Julian Rait spoke on strategies for neuroprotection in primary open-angle glaucoma. Neurones die through a process of apoptosis. Initial injury in glaucoma can lead to continuing loss of retinal ganglion cells and progressive visual field loss, despite conventional therapy. Strategies for neuroprotection have been proposed to protect retinal ganglion cells that escaped initial injury. The potential application of agents including betaxolol, brimonidine, memantine and segiline, for the therapy of glaucomatous optic neuropathy were discussed.

Jamie Craig gave a paper entitled "Glaucoma pedigrees with the GLC1A Gln368STOP mutation from the glaucoma inheritance in Tasmania (GIST)". He concluded that this mutation is associated with primary open-angle glaucoma of variable age of onset in the population studied. Other factors, as yet uncharacterized, may be involved in the expression of the POAG phenotype in GLLn368STOP pedigrees.

Paul Mitchell reported on the incidence of family history on the prevalence of glaucoma and ocular hypertension in the Blue Mountains eye study. He concluded that taking a positive family history of glaucoma remains useful, but will almost certainly underestimate genetic influence and is confounded by many biases.

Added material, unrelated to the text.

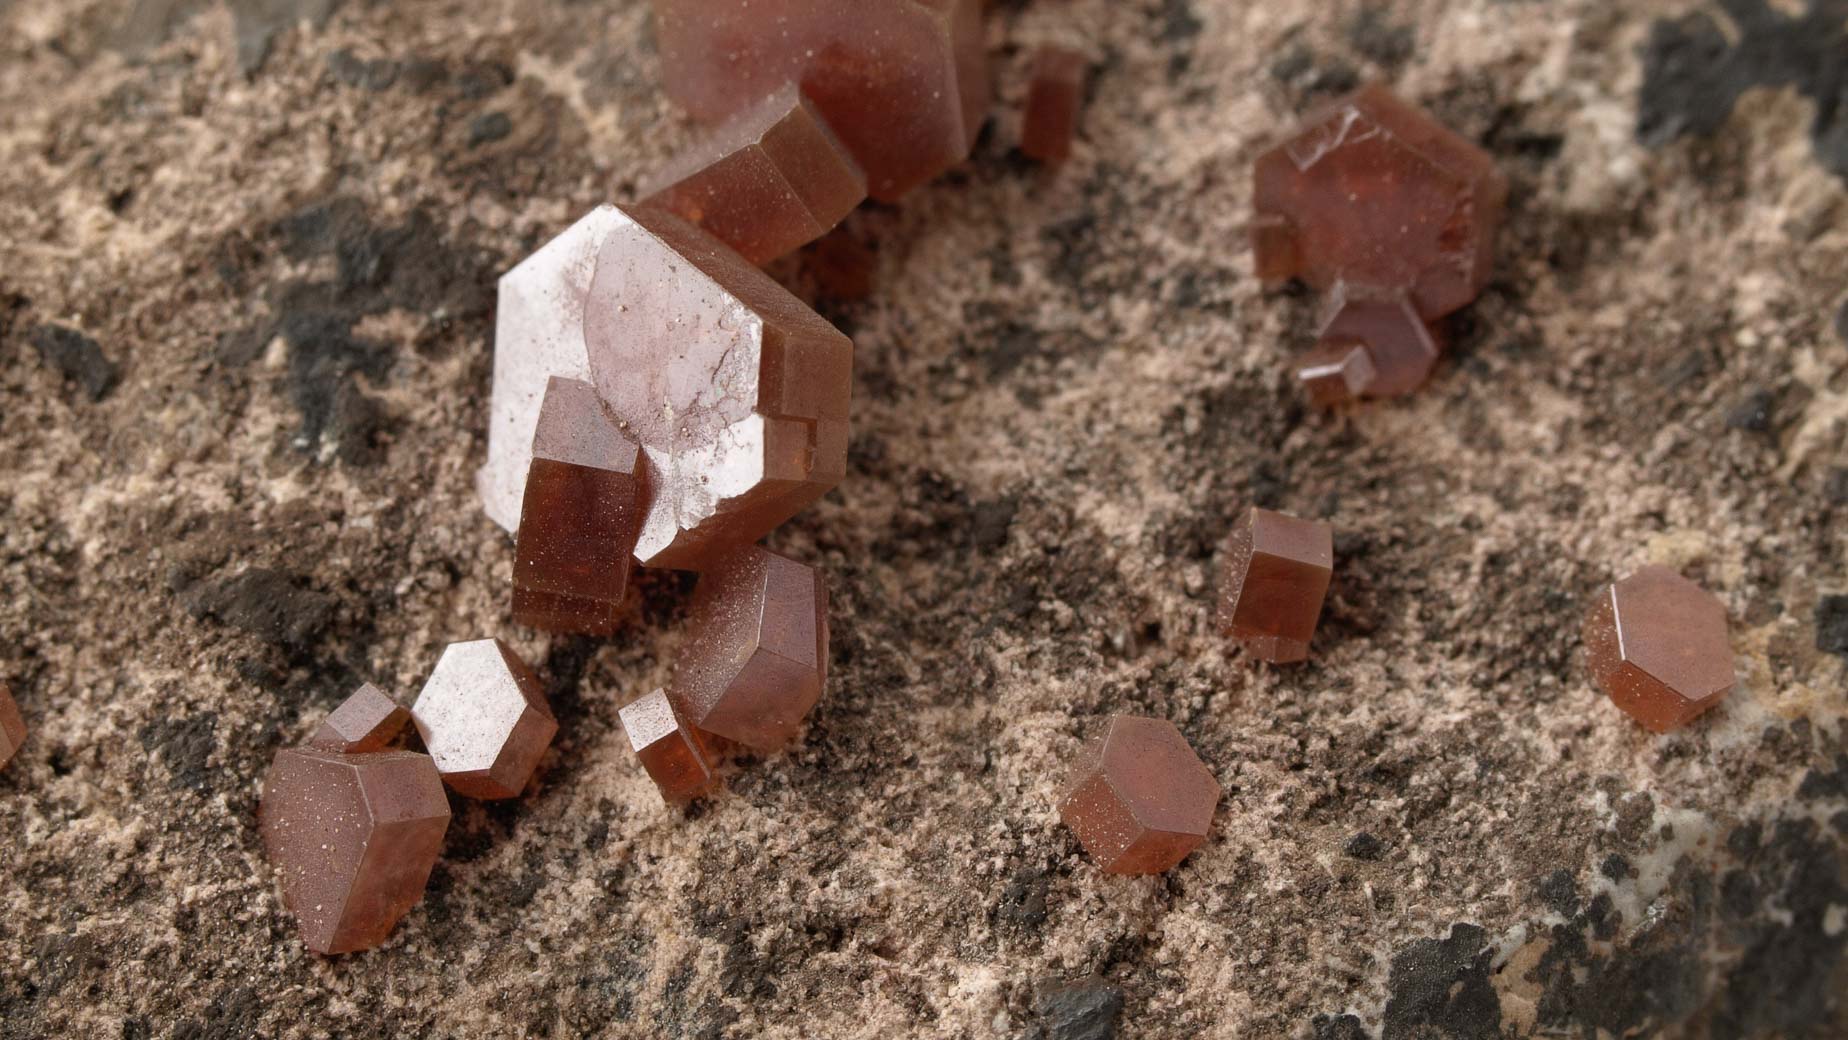 Kristali vanadinita - najveći kristal je veličine 3x4 mm

Paul Mitchell also reported on the relationship between vascular hypertension, other cardiovascular diseases and glaucoma in the Blue Mountains eye study. He concluded that hypertension appeared to be a risk factor for glaucoma, with a high population attributable risk (22.6%), due to its relatively high prevalence.

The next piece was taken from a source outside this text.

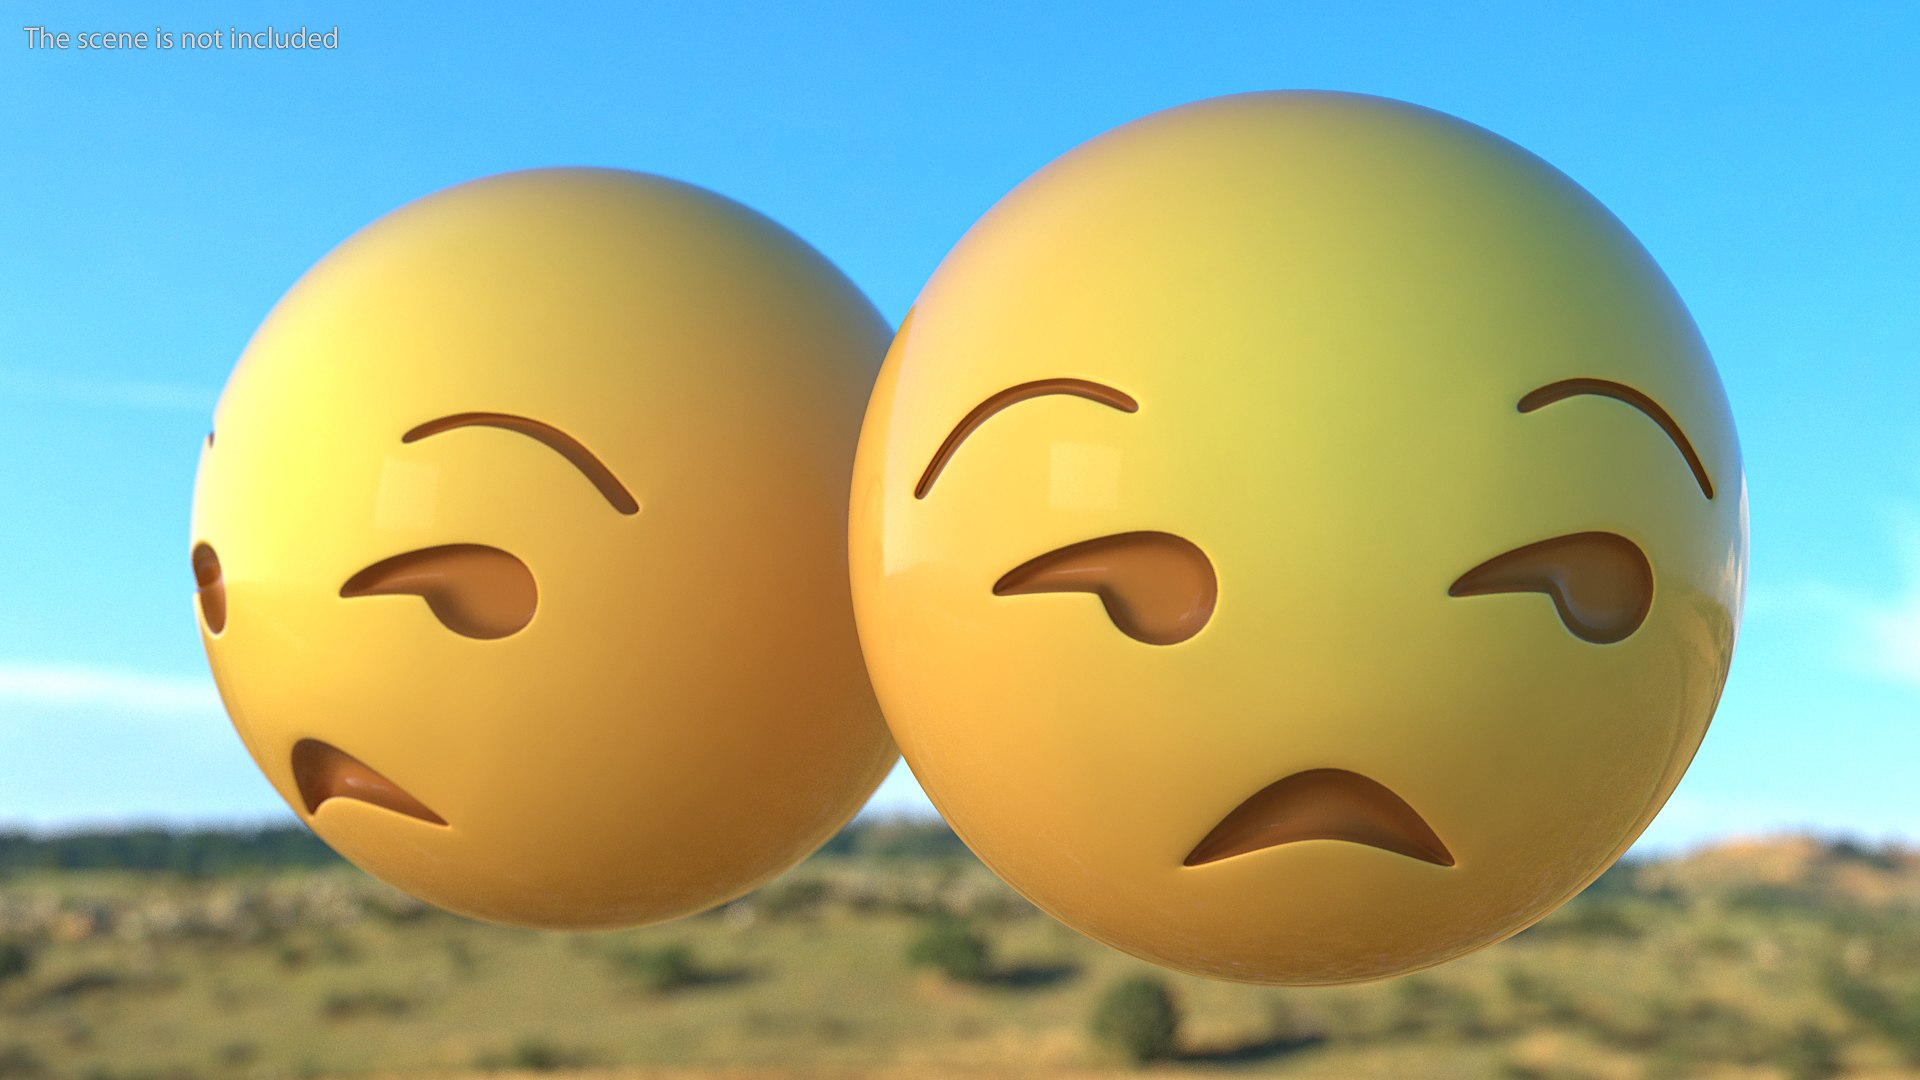 unamused emoji

In the miscellaneous glaucoma session, David Mackey presented a paper on vigabatrin (Sabril, an anti-epileptic medication, a selective inhibitor of GABA transaminase) associated visual field less resembling low-tension glaucoma. The field loss seemed to be related to current drug usage and arrested once weaned from vigabatrin.

Alan Kosmin reported on human retinal development. He concluded that the final developmental ganglion cell number is largely reached by the normal delivery date.

Representatives of the pharmaceutical companies made scientific presentations in their field of interest.

There were panel sessions on the management of challenging cases and of difficult cases, with lively discussion.